Bench had announced on Dec. 27 that its platform was no longer accessible. In addition to the poor timing of the announcement — just days before year end — customers complained that they had had no prior notice that the company was shutting down. 

Charney declined to comment about why Bench had shuttered. The company's CEO, Jean-Philippe (J.P.) Durrios, left in November, according to his LinkedIn profile.

Bench had once proclaimed its mission as making "a profound difference in the quality of life of 1 million people" and touted itself as America's largest bookkeeping service for small businesses. In 2021, it raised its last major round of venture capital — $60 million in series C financing — bringing its VC total to about $100 million. At the same time, Bench rolled out a "financial toolkit" for customers that included business bank accounts and debit cards in addition to its bookkeeping, payroll and tax preparation services. Employer.com already offers bank accounts and debit cards, Charney said. 

Later in 2021, Bench's CEO and co-founder Ian Crosby was fired, just after the company had just turned down "a highly lucrative acquisition offer," he reported on LinkedIn late last month. 

Employer.com's owner, Tinsley, started Job Mobz, a recruiting-as-a-service firm, in 2012 and acquired smaller staffing companies before acquiring Recruiter.com Ventures, a Nasdaq-listed recruiting services tech platform, last year. Later in 2024, he acquired Employer.com — a provider of international payroll, staffing and compliance services — for $450,000.

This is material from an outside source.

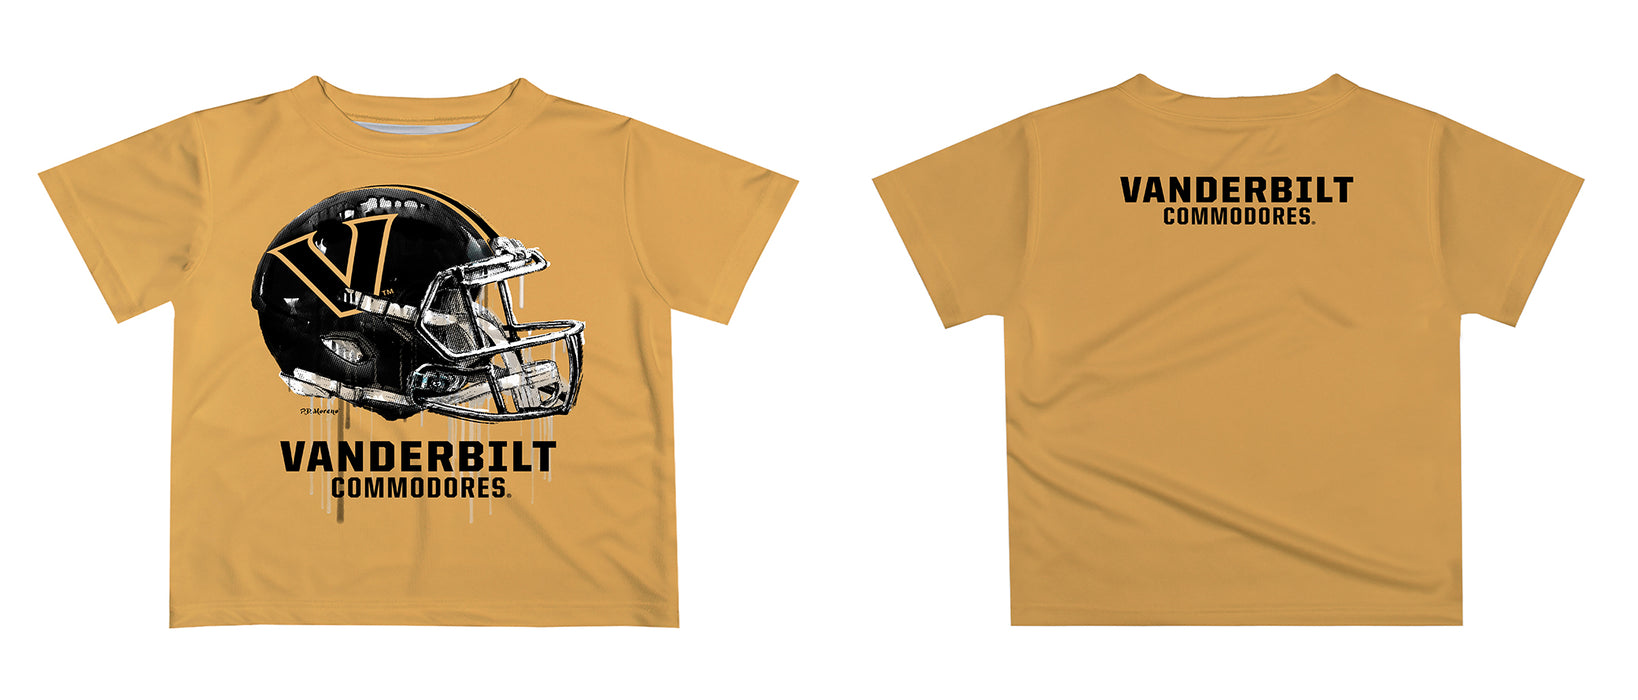 Vanderbilt University Commodores Original Dripping Football Helmet T-Shirt by Vive La Fete - Vive La Fête - Online Apparel Store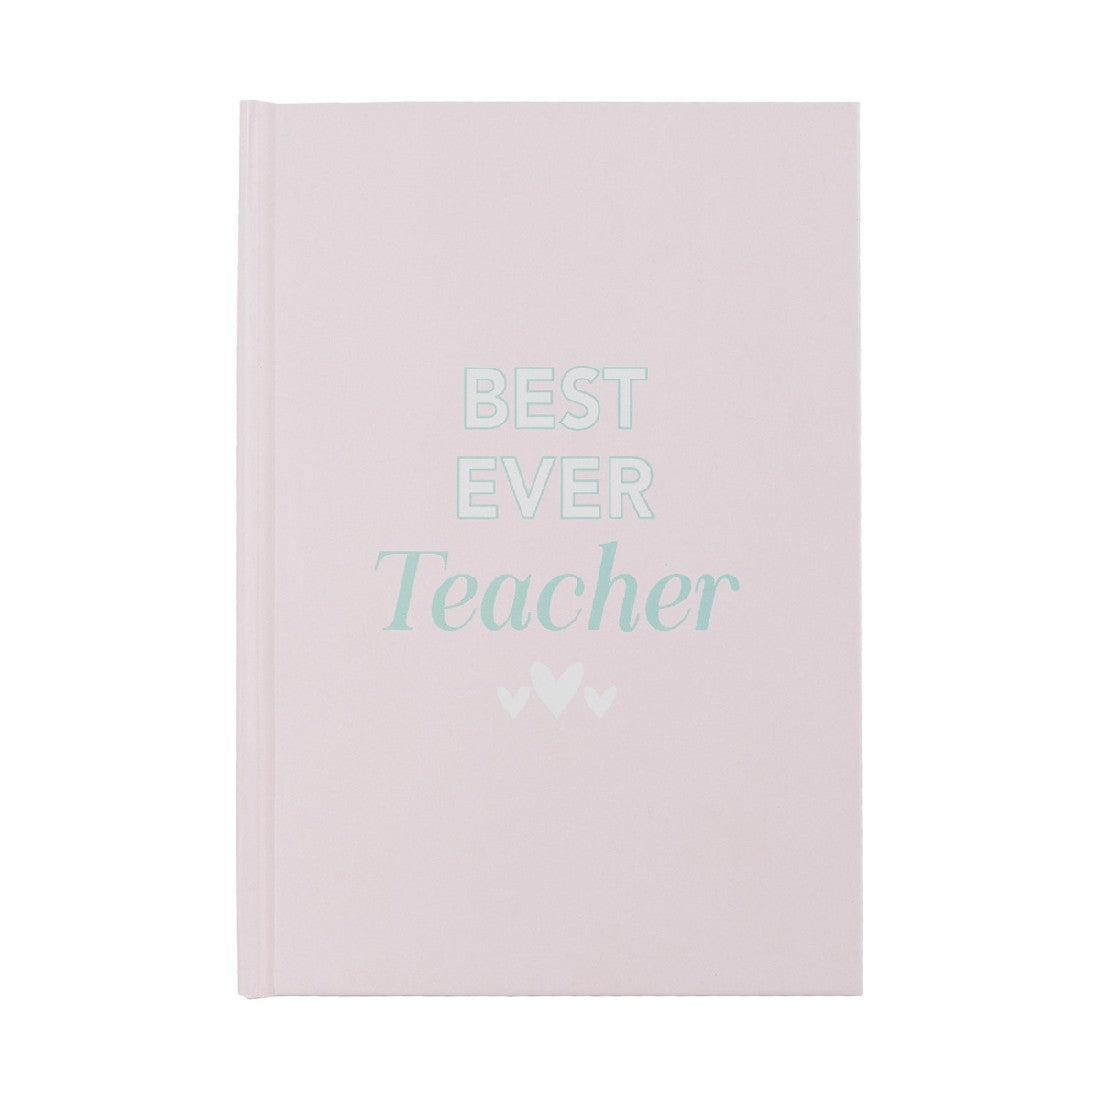 Teacher Journal

 Employer.com expects to close at least two acquisitions in January, Charney said, and the company will be focused on acquiring more businesses that provide "post-employment" services to companies.  

"We will continue to look at any company that has either a better technology offering than we can provide in some of these point solutions, or closes the capability gap, or has employees who fit in with our roadmap," he said. "We're very acquisitive."